# Data for processing
• • • •

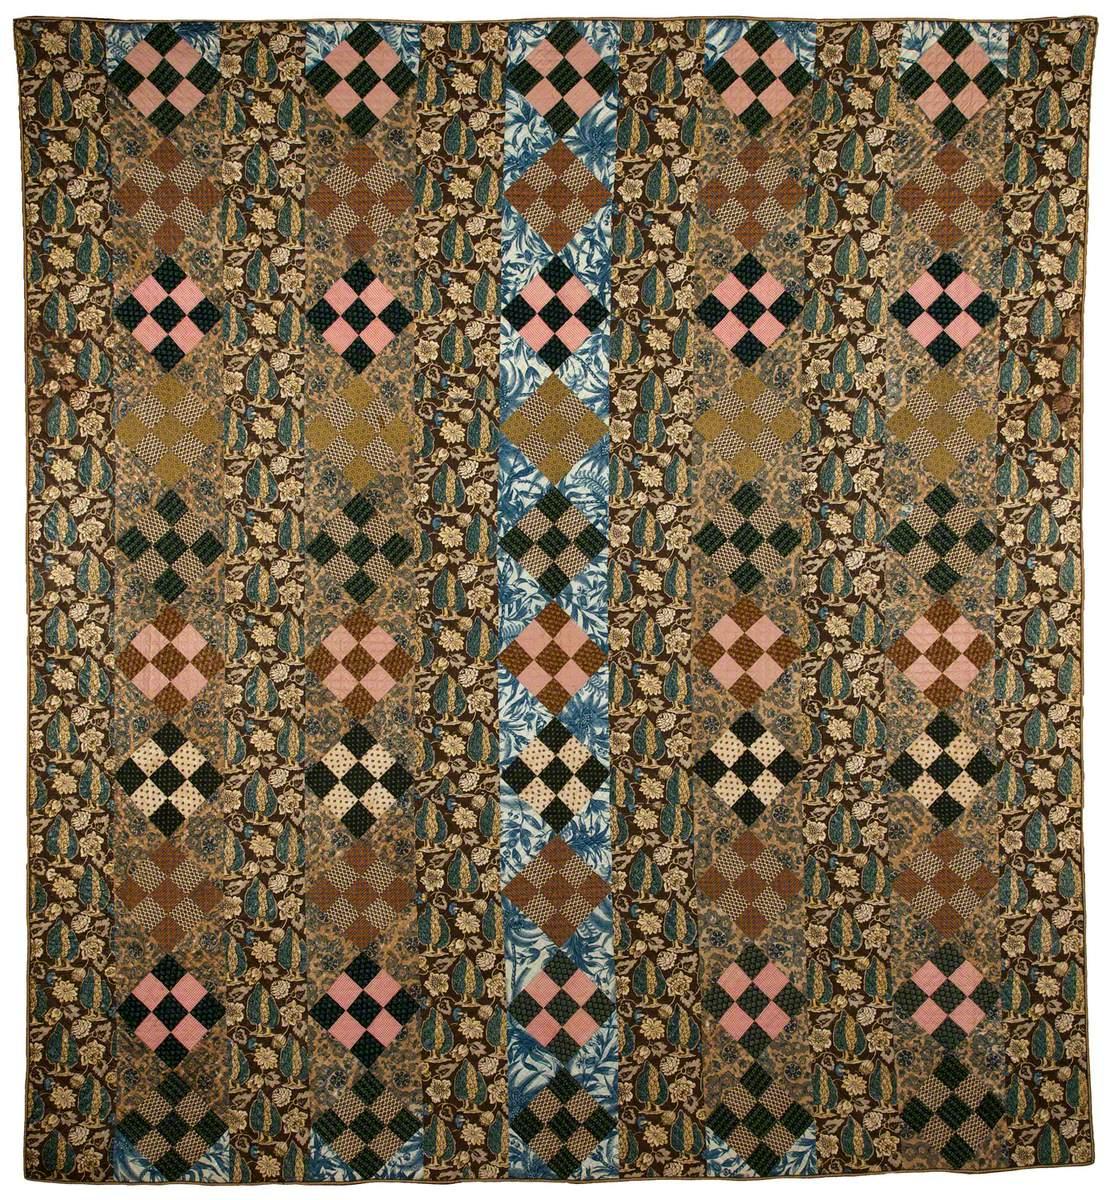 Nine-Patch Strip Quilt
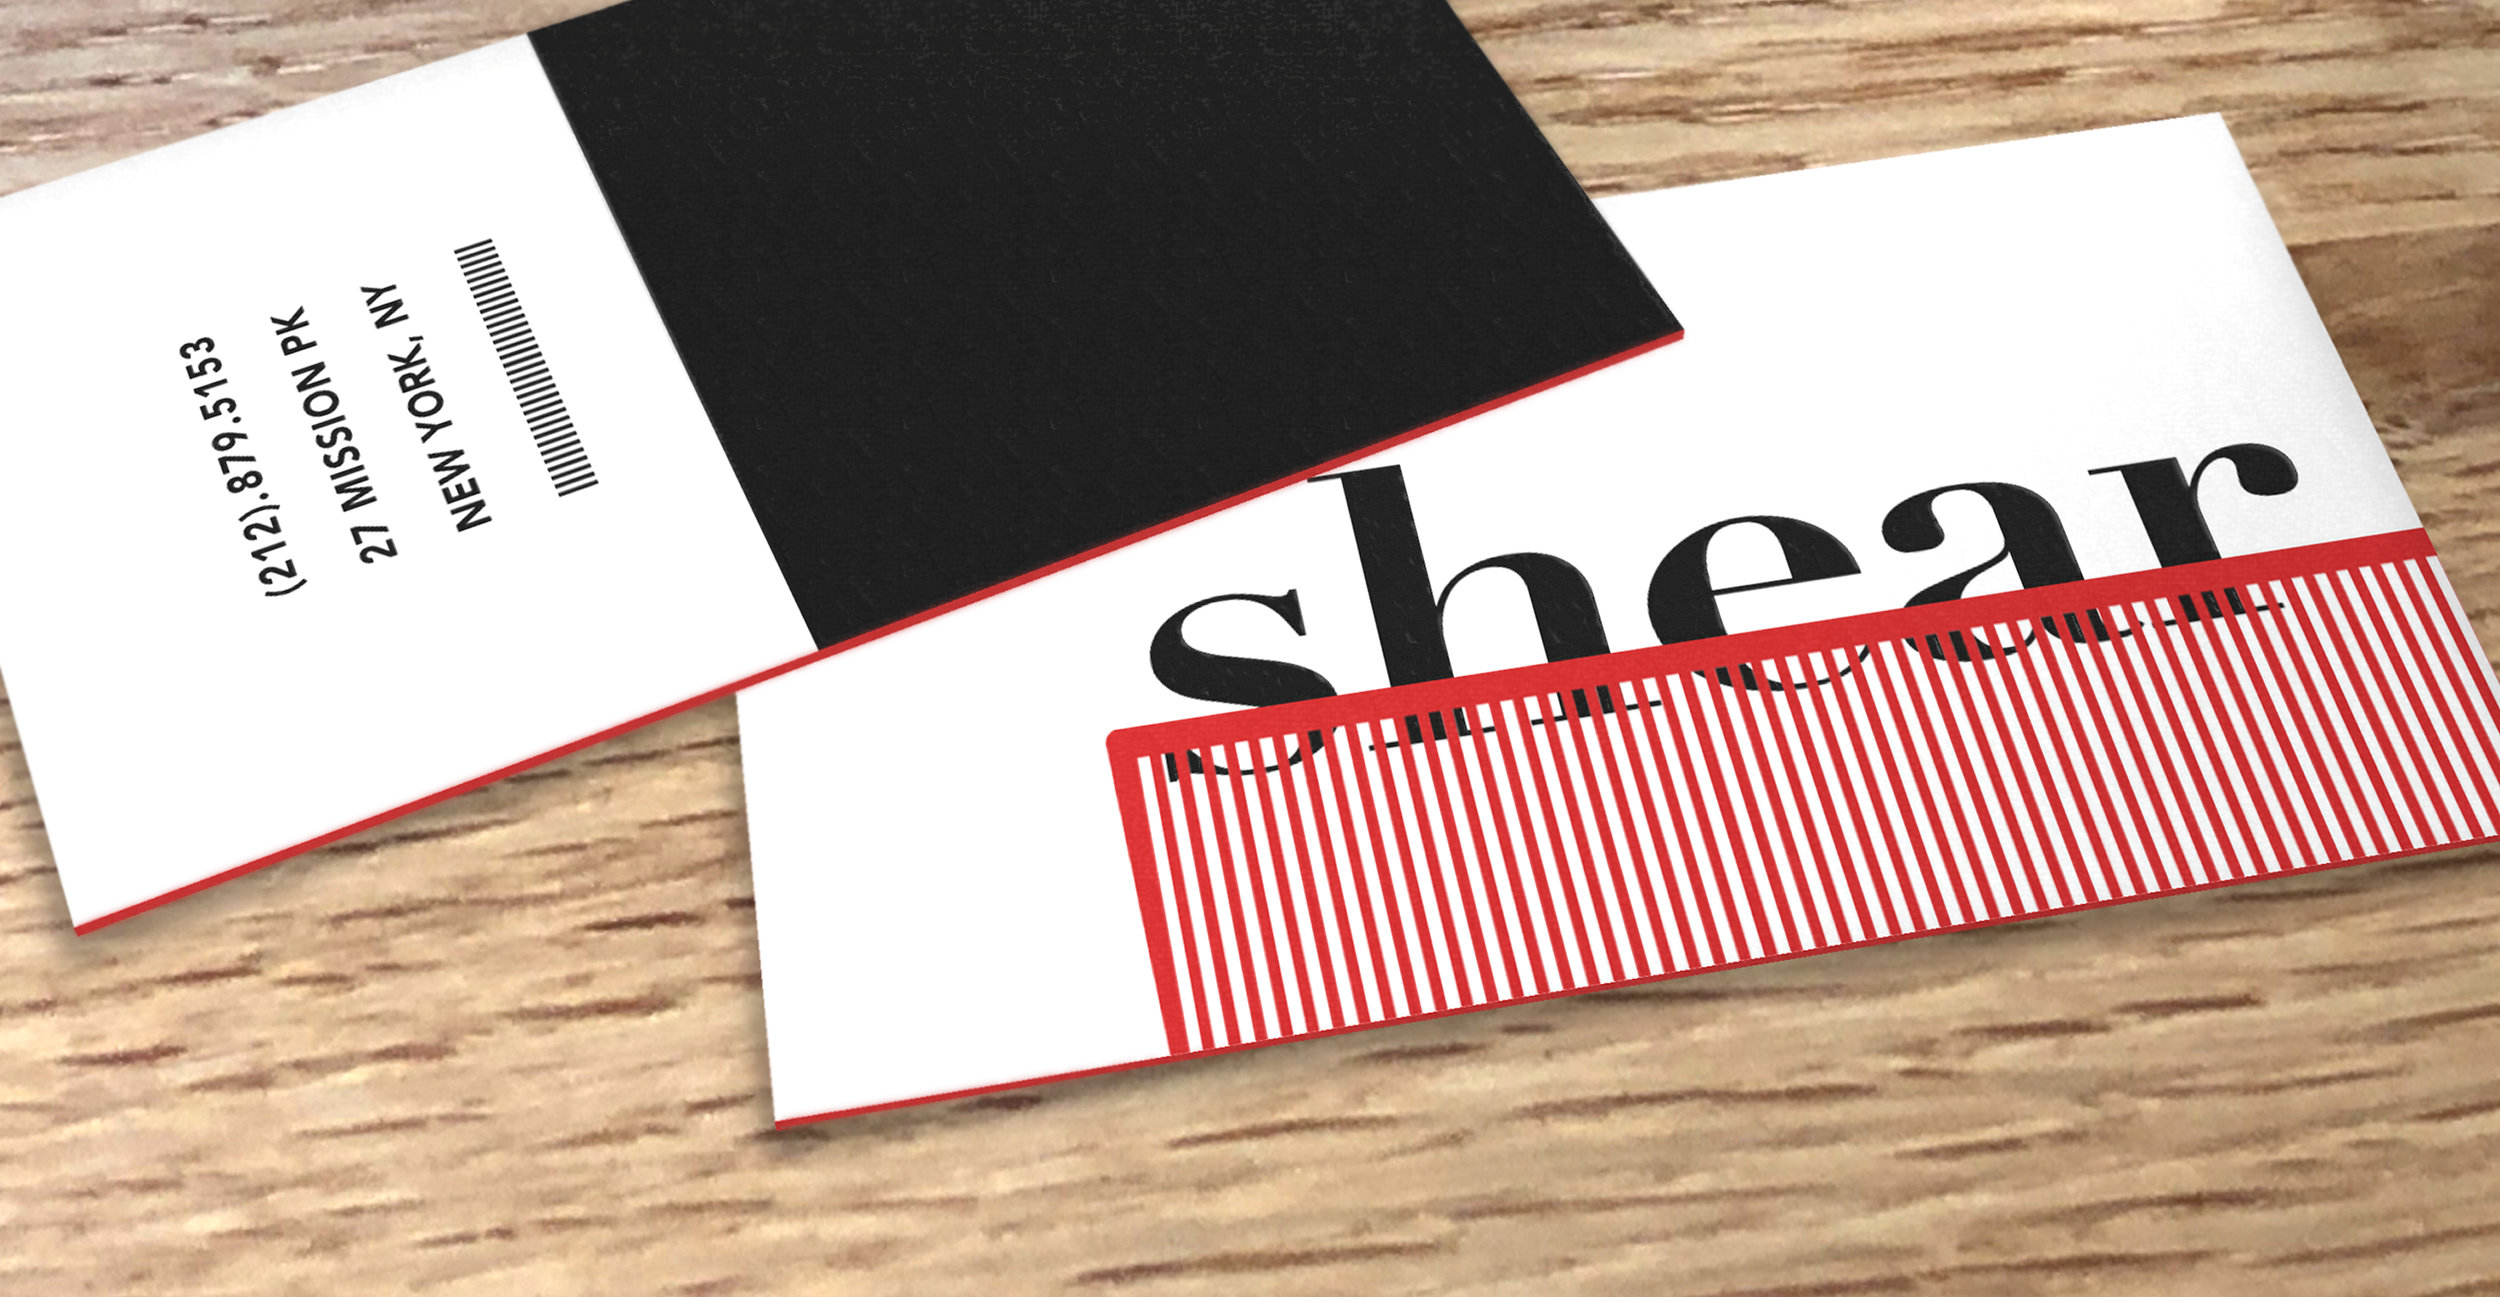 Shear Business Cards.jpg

• • • •

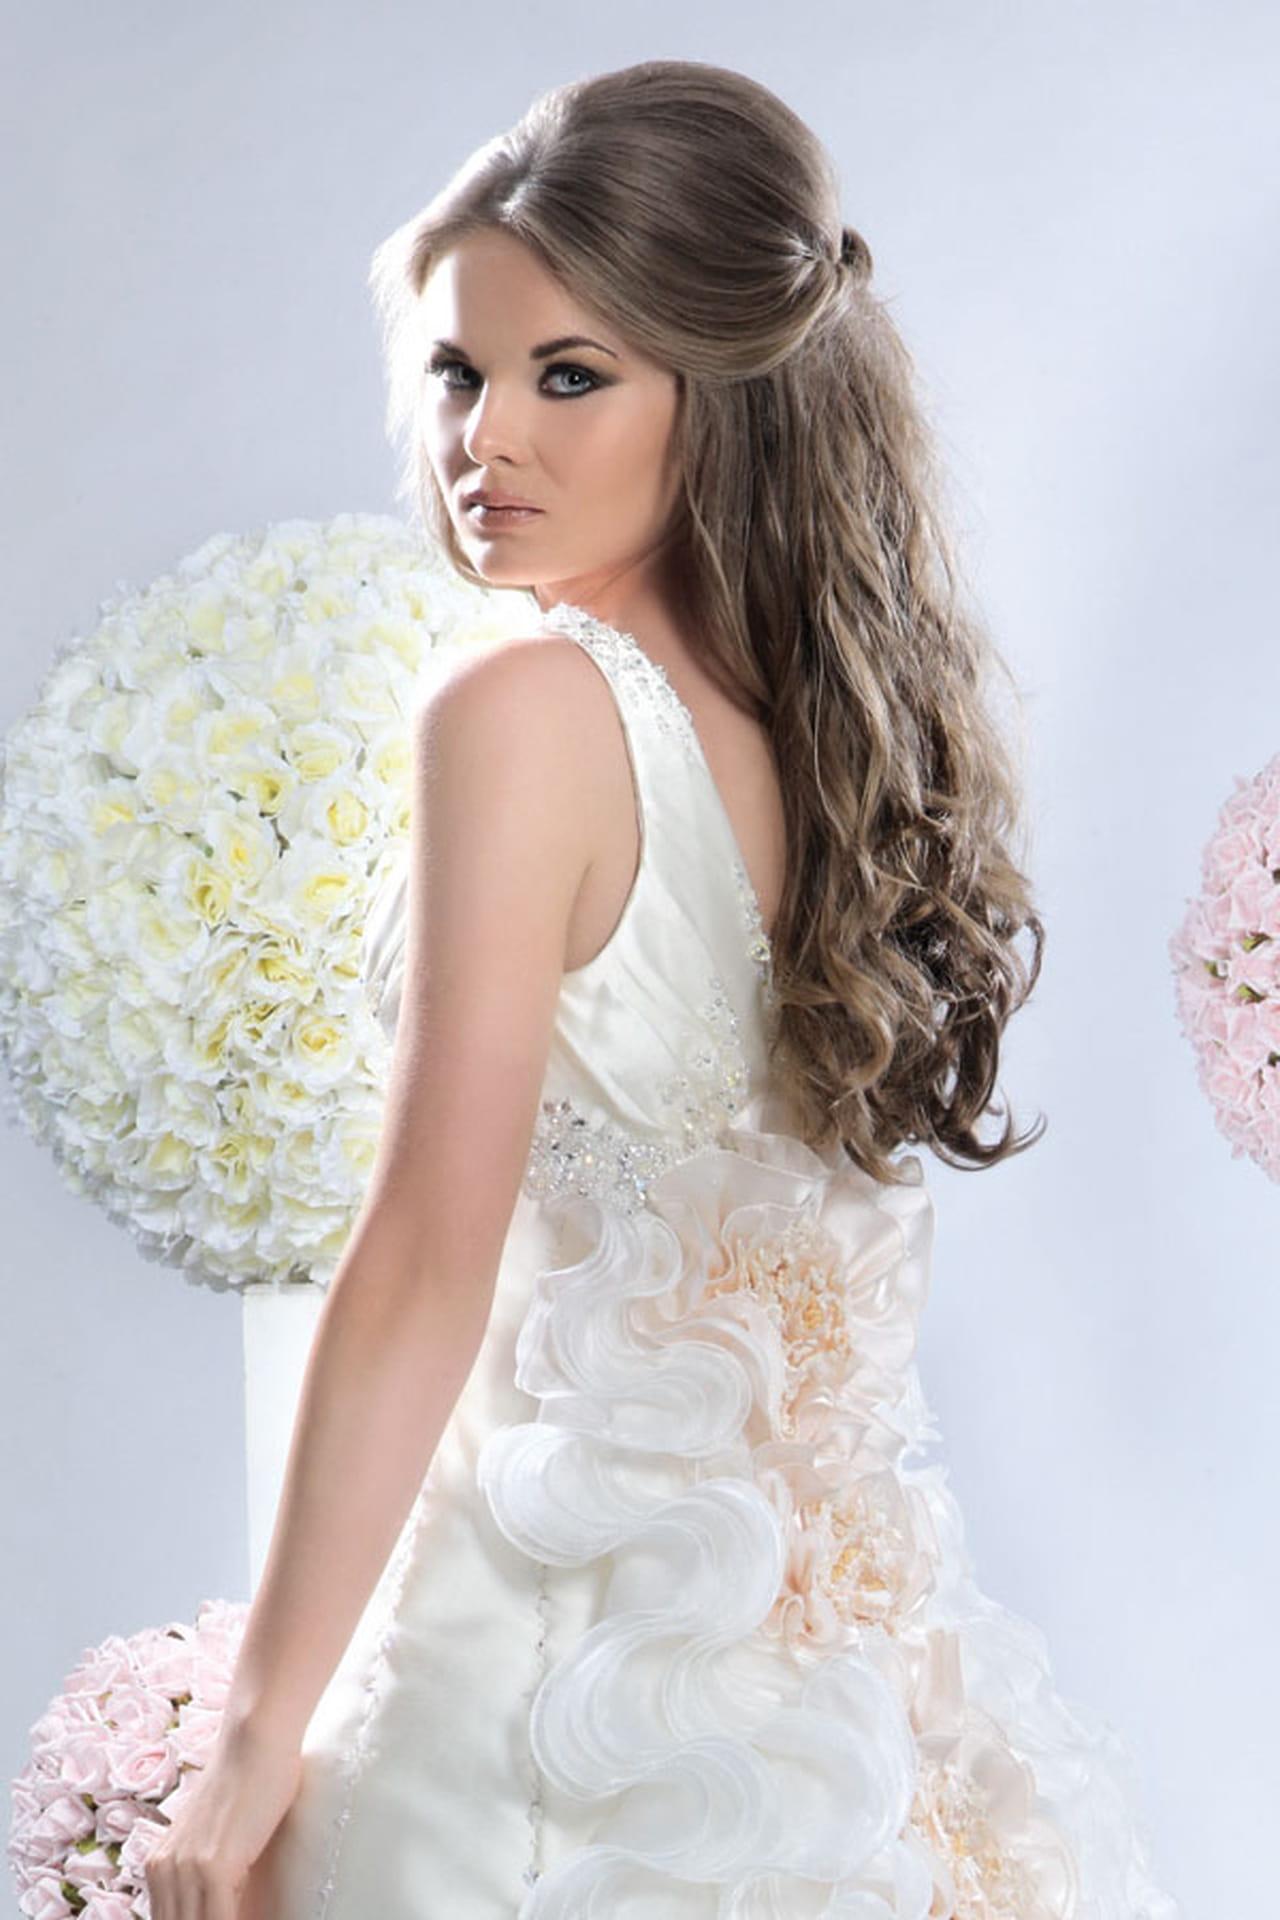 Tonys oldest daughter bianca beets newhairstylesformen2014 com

• • • •

# Exercise aim
What is needed is an exact copy of only the lines above from the one with "Nine-Patch Strip Quilt" to the one with "Shear Business Cards.jpg", both kept, with every picture left out.

# Solution
 Nine-Patch Strip Quilt
 Shear Business Cards.jpg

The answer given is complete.